(Un)Archiving the City: the Case of Beirut

Project, IF-PRJ-0009

Europe and Middle East
Beirut, Lebanon
Taking Beirut as a case study, the Beirut Investigative Lab addressed two strands of investigation: city as archives and archiving the city, leading to a hypothesis on ‘unarchiving the city.’ Beirut has a contested history of complex challenges marked by war, erasure, sectarian politics, and collective amnesia. This contestation reflects a fear of confronting the past, a conscious neglect of national archives, and the absence of a shared narrative at the national scale. Archival practices are decentralized and mostly associated with private institutions with limited accessibility to the public.

Given this context, the lab interrogated ‘city as archives’ as discussed in the literature, however, through a Lefebvrian lens, and asked the following question: how does the ongoing production of space shape the city as an archive? Then there was a focus on the city as an object of archiving by questioning archival authorship and power as articulated by Derrida and Foucault and adapted to an urban agglomeration.
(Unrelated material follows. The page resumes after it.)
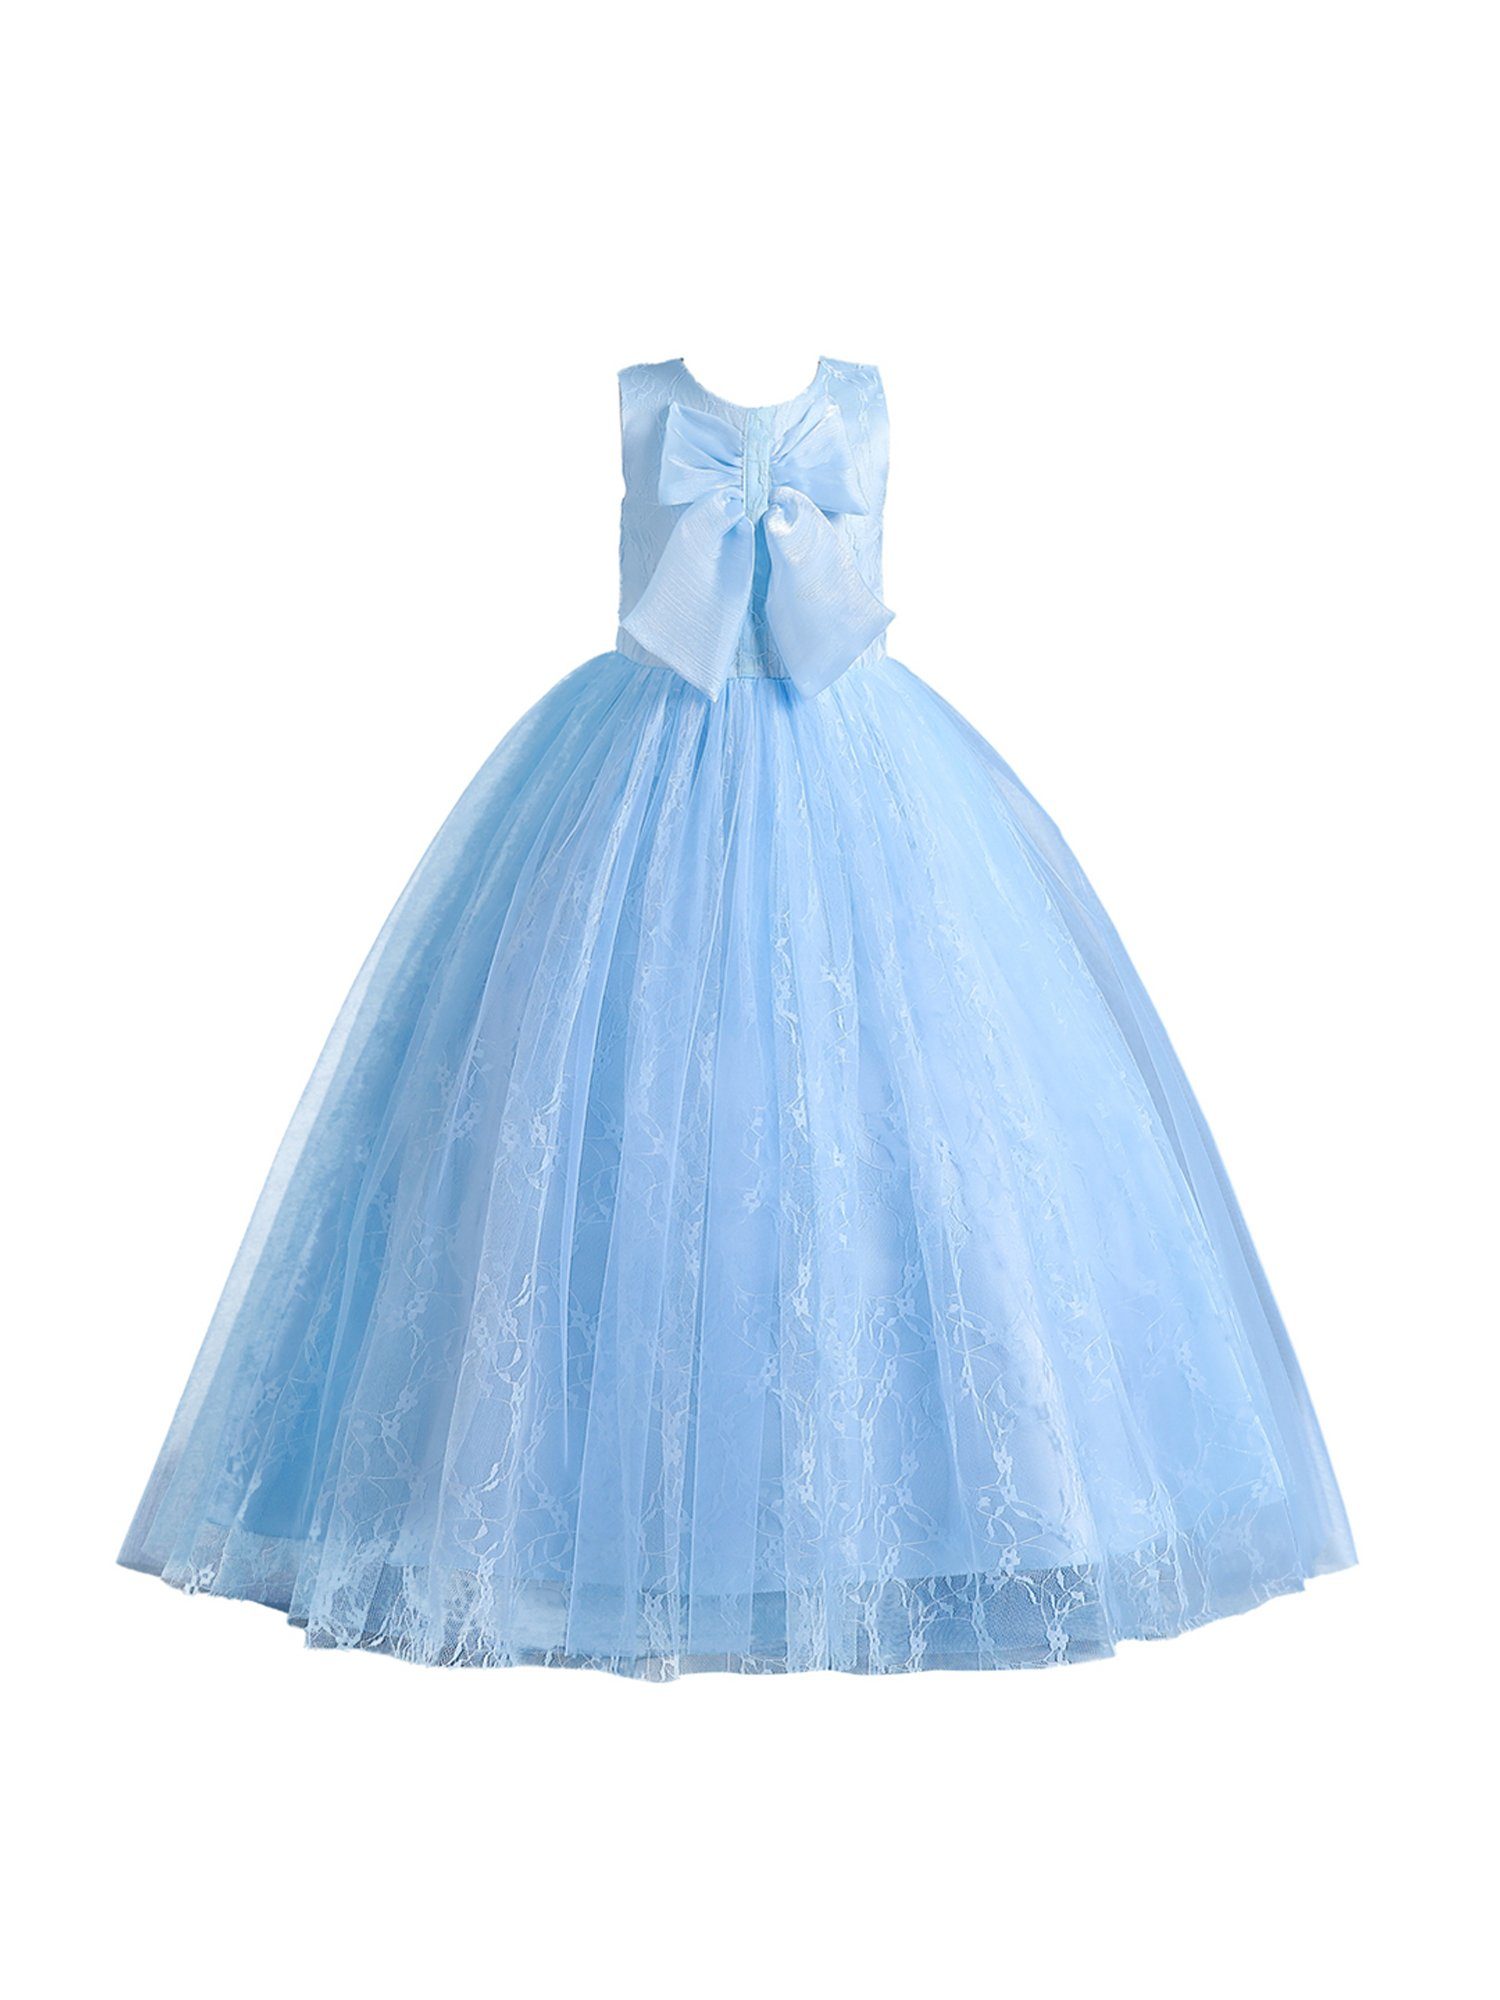 LAPA Abendkleid Mädchen Kleid mit Blau Bodenlanges Einfacher Spitze Partykleid

Against the main question of how the city is archived, adopting the Barthan theoretical framework led us to the following question: how do modalities of archiving the city differ, and how do their readings facilitate a plurality of city narratives? When considering the context of conflict, displacement, and collective trauma, these investigations led to a working hypothesis that argues for recovery as a process of unarchiving; a process that disrupts both city as archives and archiving the city. It further argues that a ‘participatory’ recovery process is best positioned to facilitate a more egalitarian model of multiple narratives and future imaginaries.
As part of the Beirut Investigative Lab, the following activities were conducted:
 (1) Conducting a thorough literature review on the intersection of city and archives upon which a position was formulated across the two strands: archiving the city and city as archives. Through reflecting on our work on recovery, we positioned the archives in relation to post-disaster recovery in local contexts. This investigation led to our hypothesis on ‘recovery as unarchiving.’
(2) Attending the IF dialogue series, organized and hosted online by University of Exeter in which we presented the following:
“City as Archive | Archiving a City | the Imagined as Unarchiving a City” on 16 October 2020
“Community's Digital Archiving: Imagining the Recovery of Karantina” on 8 March 2022
(3) Curating a closed workshop entitled “(Un)Archiving the City: the Case of Beirut”. The workshop was held on February 8th, 2024, and invited scholars from the Imagining Futures project including: the principal investigator Elena Isayev, co-investigator Kodzo Gavua, and advisor Jala Makhzoumi. Howayda Al-Harithy commenced the workshop by setting the theoretical framing, where she presented the two strands of investigation: ‘city as archives’ and ‘archiving the city’ leading to a hypothesis on ‘recovery as unarchiving’. The workshop included two panels each expanding on these concepts while reflecting on case studies from Beirut. For more information on the workshop, visit this link.
(4) Launching the “Oral Narratives by the Residents of Karantina” platform. The oral narratives project focuses on the second strand of investigation, ‘archiving the city’, using Karantina as a case study. It challenges authoritarian narratives by exploring alternative and inclusive egalitarian methods of archiving its oral history and socio-spatial practices. As it does so, it contributes to “recovery as unarchiving” which investigates how unarchiving during post-disaster recovery produces multiple future imaginaries. For more details on the project, visit this link
 (5) Publishing an article entitled “Recovery as (Un)Archiving: The Case of Karantina following the Beirut Blast” and a short essay entitled “Digital Memory Archiving: the Oral Narratives by the Residents of Karantina” in the Imagining Futures Volumes. The two publications reflect on two projects conducted by the Beirut Urban Lab.